Why They Gentrify

DNAinfo’s Paul Biasco reports on Logan Square being named “one of the 15 ‘hottest urban retail markets across North America'”:

“The ranking by the national commercial real estate services company Cushman & Wakefield was compiled by querying hundreds of its experts across the country, including brokers, property managers, appraisers and marketing execs.

“Wicker Park and Bucktown, meanwhile, are ‘still cool while going mainstream.’ …

“Some of the criteria for ‘cool’ are walkability, bicycle friendliness and ease of public transportation as well as availability of places to eat and hear music.

“Logan Square’s coolness began two decades ago as artists flocked to the area from Wicker Park, where rents became too expensive, the report says. The launch of the Logan Square Farmers Market in 2007 ‘was a major touchstone,’ but growth since 2010 has been driven by new restaurants and bars.”

This past Sunday I grabbed brunch at Café Con Leche in Logan Square with my partner and her cousin. I had the usual cafetón and jibarito, while my partner had her usual chilaquiles. Her cousin, a bodybuilder enjoying a cheat day, ate everything. Afterward I led them (they’re intractable suburbanites) down to where Centennial Column has stood since 1918. When I described how a man had stabbed a police officer in the face with a fork back in April, the two quickly decided we should keep walking.

Luckily, the Logan Square Farmers Market was in full swing. We strolled through, marveling at the variety of locally grown fruits and vegetables.
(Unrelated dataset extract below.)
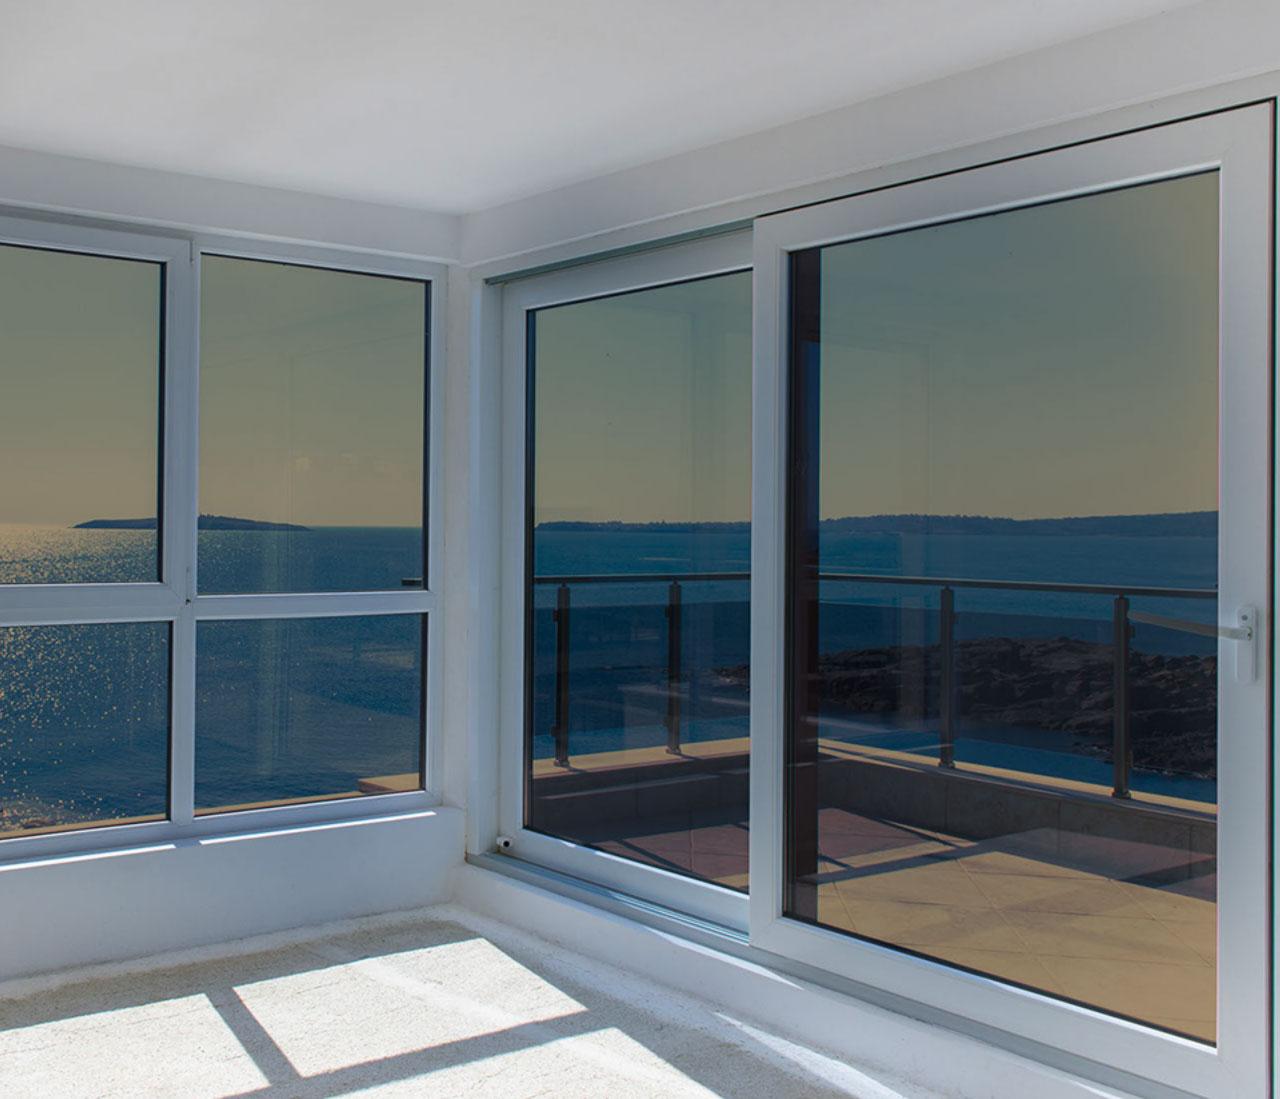 Films solaire securite et design - Film pour baie vitree ...

With the meal still churning in our stomaches, we opted for snow cones made with all-natural syrups. “We don’t even use coloring,” the middle-aged woman had told us as she passed us a sample. Then we walked to the end of the line of stalls to stand under the shade of a tree and hipster-watch. The wide assortment of people rivaled that of the ingredients on offer. A lot of the men wore beards. Some of the women had dogs. The overwhelming majority of vendors and customers, however, were white.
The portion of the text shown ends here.